Records for the task
::::::::

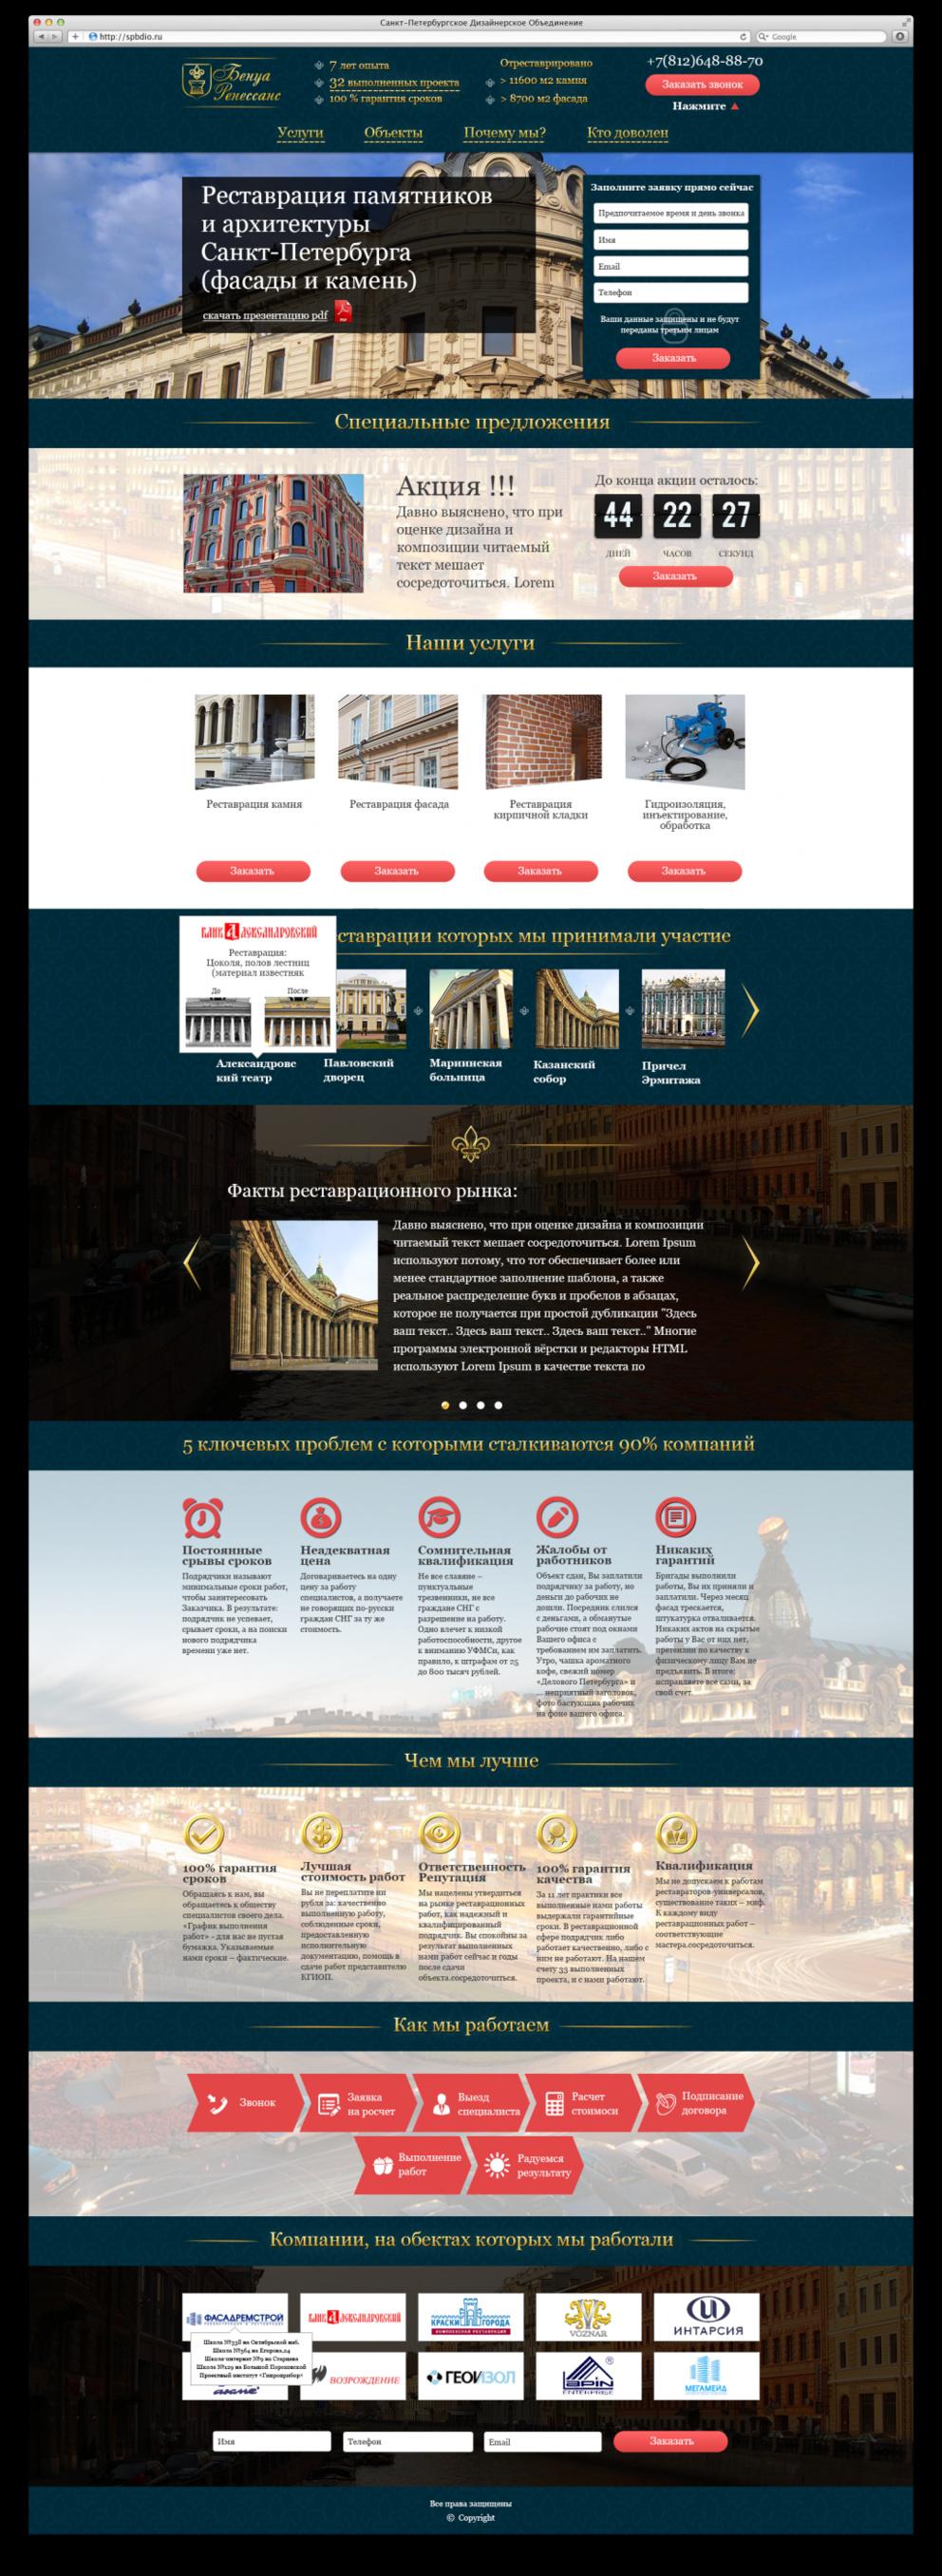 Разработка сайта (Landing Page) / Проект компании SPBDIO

::::::::

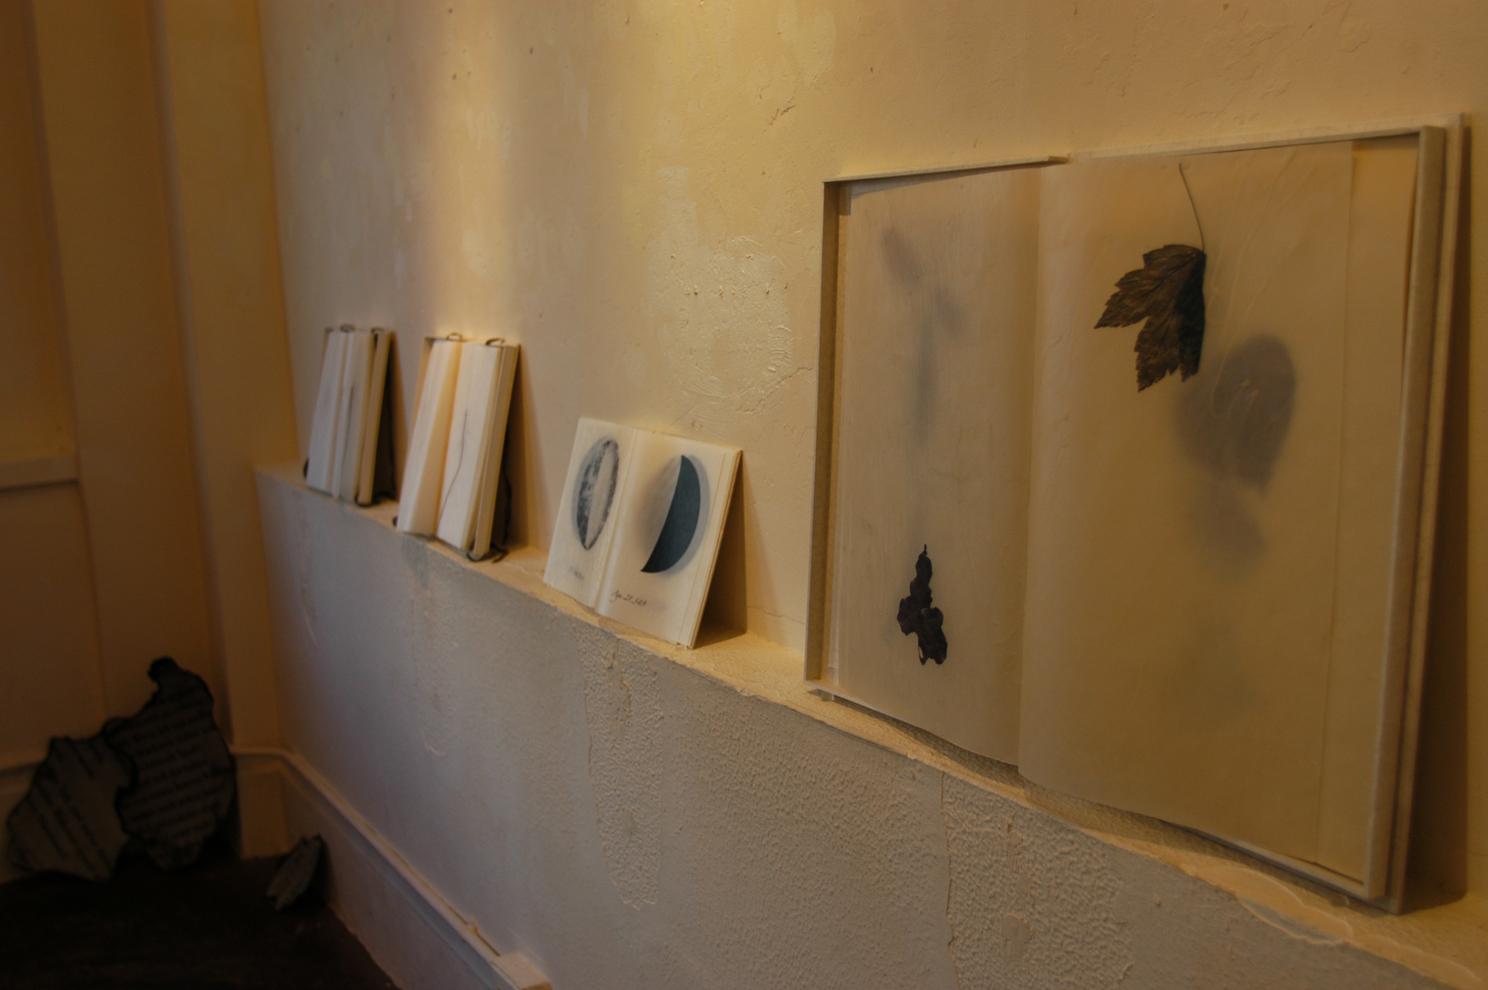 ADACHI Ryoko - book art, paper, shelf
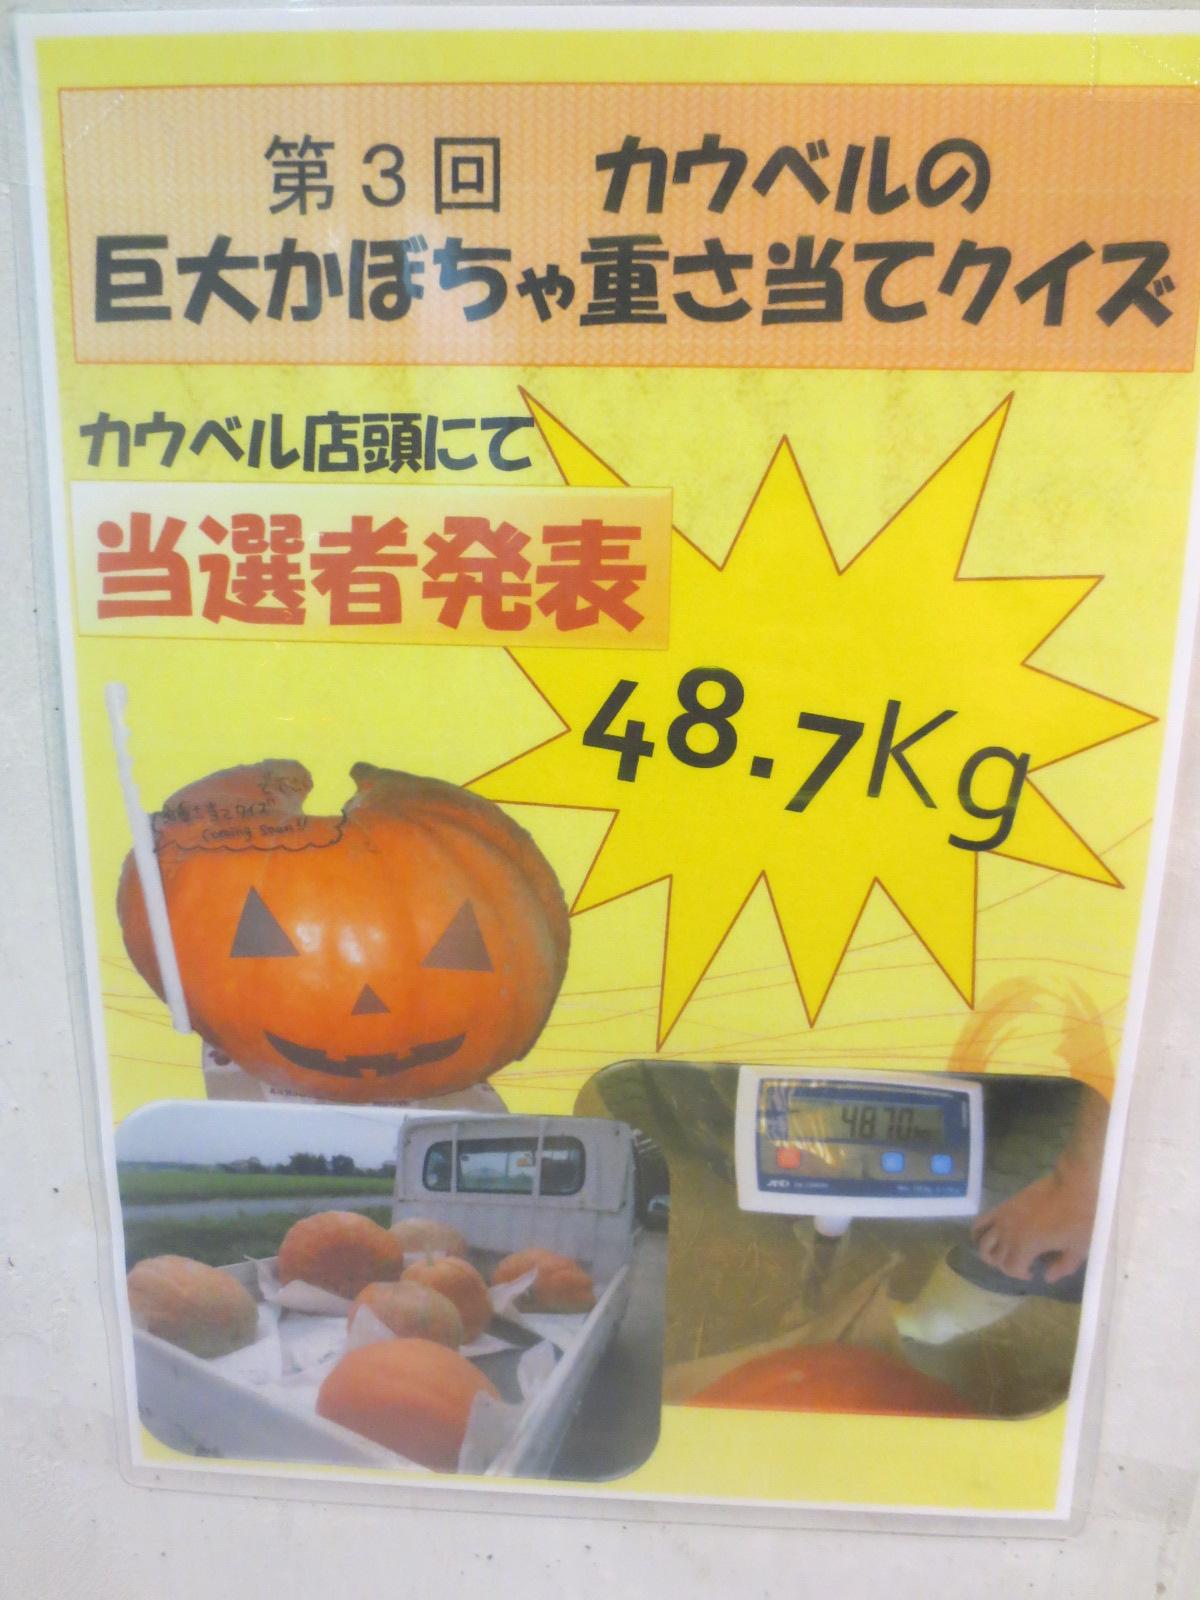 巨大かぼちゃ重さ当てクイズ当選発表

::::::::

Assigned task
Reproduce the listing above from the line that holds "ADACHI Ryoko - book art, paper, shelf" through the line that holds "巨大かぼちゃ重さ当てクイズ当選発表", both included, with the pictures left out.

Response to the exercise
 ADACHI Ryoko - book art, paper, shelf
 巨大かぼちゃ重さ当てクイズ当選発表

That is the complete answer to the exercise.